PathWritten ByContents
<ROCK_SCHEDULER_STATUS_DIR>/<task_type>_status.jsonBaseTask.save_task_statusLatest per-worker status: task_name, worker_ip, pid, status (pending/running/success/failed), last_run, error, plus task-specific extra fields.
<ROCK_SCHEDULER_STATUS_DIR>/<task_type>_run_report.jsonBaseTask.run (admin side, after the tick completes)Aggregated report: total/success/failed counts, list of success_ips, and failed_details (ip + traceback).

Scheduler-internal logs are written under the standard ROCK admin log path, with name="scheduler", name="task_base", name="image_clean", etc.

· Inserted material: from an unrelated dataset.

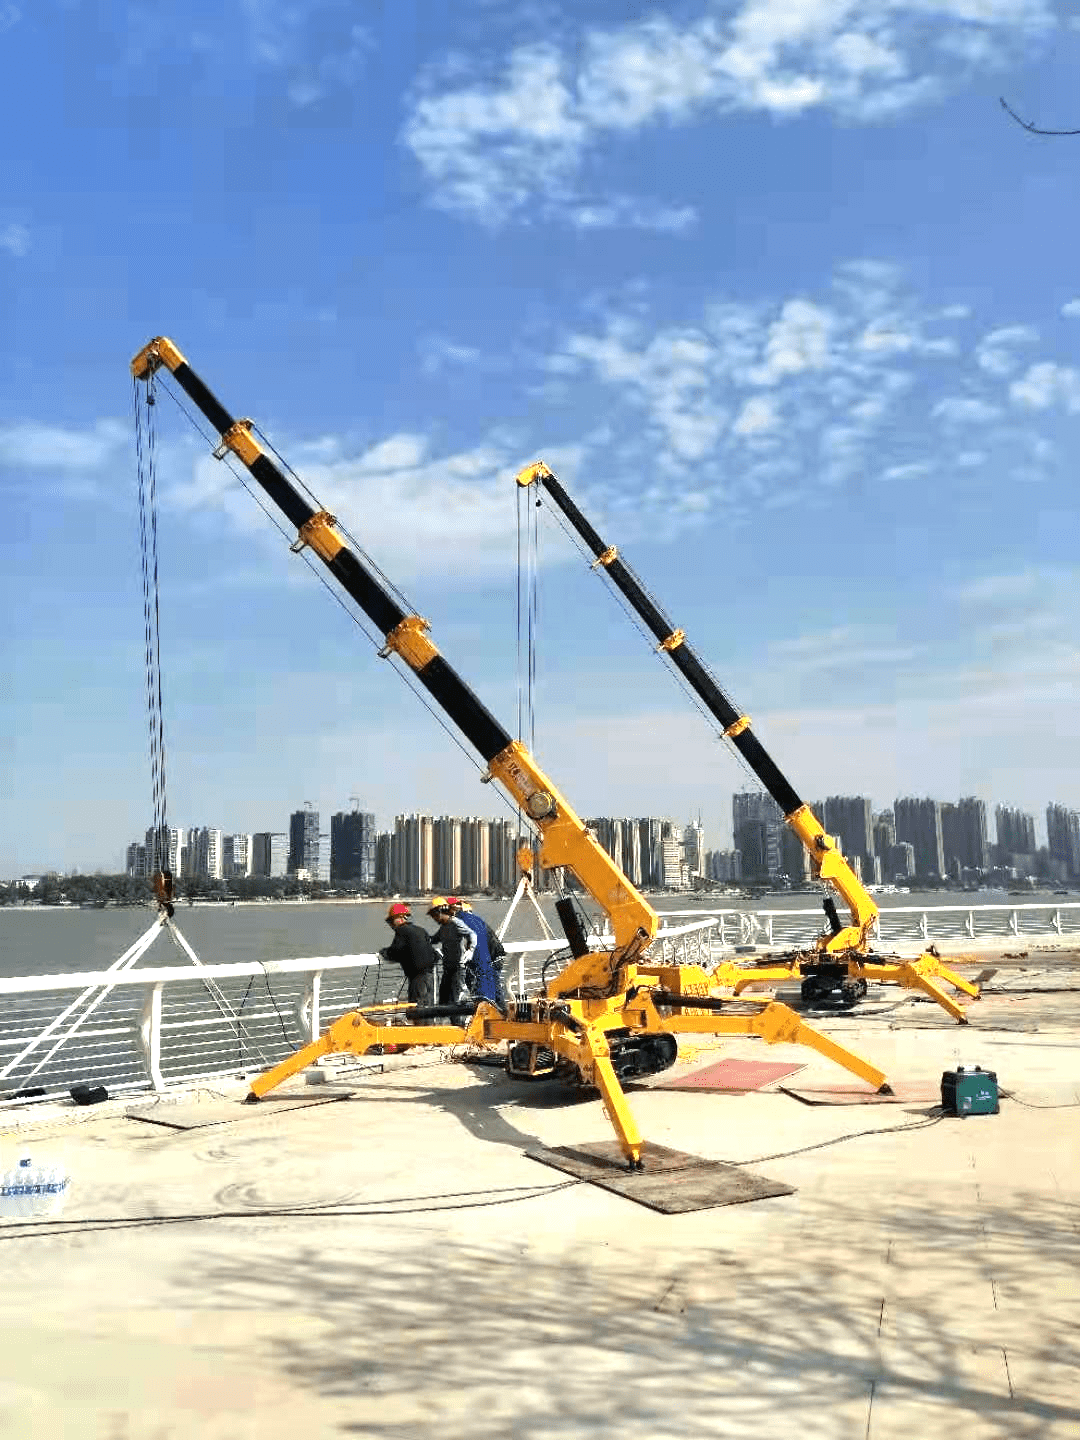 Kebu spider crane helps city construction

Scheduler-spawned daemons additionally write their own logs to <ROCK_LOGGING_PATH>/<task>.log when ROCK_LOGGING_PATH is set (e.g. docuum.log, container_cleanup.log, image_pull.log).

7. Dynamic Reload via Nacos (Optional)

When the admin service is configured with a Nacos provider, the scheduler installs a YAML listener and reacts to config pushes:

  • Only the scheduler: section is inspected; other sections are ignored.
  • The new section is hashed and compared against the previous one — duplicate notifications are skipped.
  • A diff between old and new task lists determines which tasks to install, uninstall, or reinstall (changed params / interval_seconds / enabled).
  • Non-idempotent tasks that are removed or re-installed are first cleaned up: their daemon PID is killed and the status file is removed.

This means task interval changes, parameter tweaks, and adding/removing tasks can be applied without restarting the admin process.

8. Troubleshooting

SymptomLikely CauseWhat to Check
Scheduler disabled, all tasks removed in admin logscheduler.enabled is falseSet enabled: true in YAML.
No alive workers found for task '<type>'Ray cluster has no live worker nodesVerify ray.nodes() reports alive CPU workers; consider lowering worker_cache_ttl if workers were just added.
Task ticks fire but every worker shows up in failed_details with connection errorsrocklet is not running on the workers, or Port.PROXY is blockedOn the worker host, hit the rocklet liveness endpoint GET /is_alive on Port.PROXY (e.g. curl http://<worker_ip>:<Port.PROXY>/is_alive); if it does not respond, restart rocklet (rocklet --port <Port.PROXY>) or open the port in the firewall.
Task runs but never repeats on a non-idempotent workerRecorded PID still aliveInspect <status_dir>/<task>_status.json; if status: running and the PID is alive, should_run returns False.
Failed to create task '<class>'task_class import failedEnsure the module is importable inside the admin process (installed in the same venv, on PYTHONPATH).
docker login failing in ImagePullTaskregistry_password not base64-encoded, or wrong registry parsed from imageRe-encode the password with echo -n '<pwd>' | base64; double-check the image's registry host.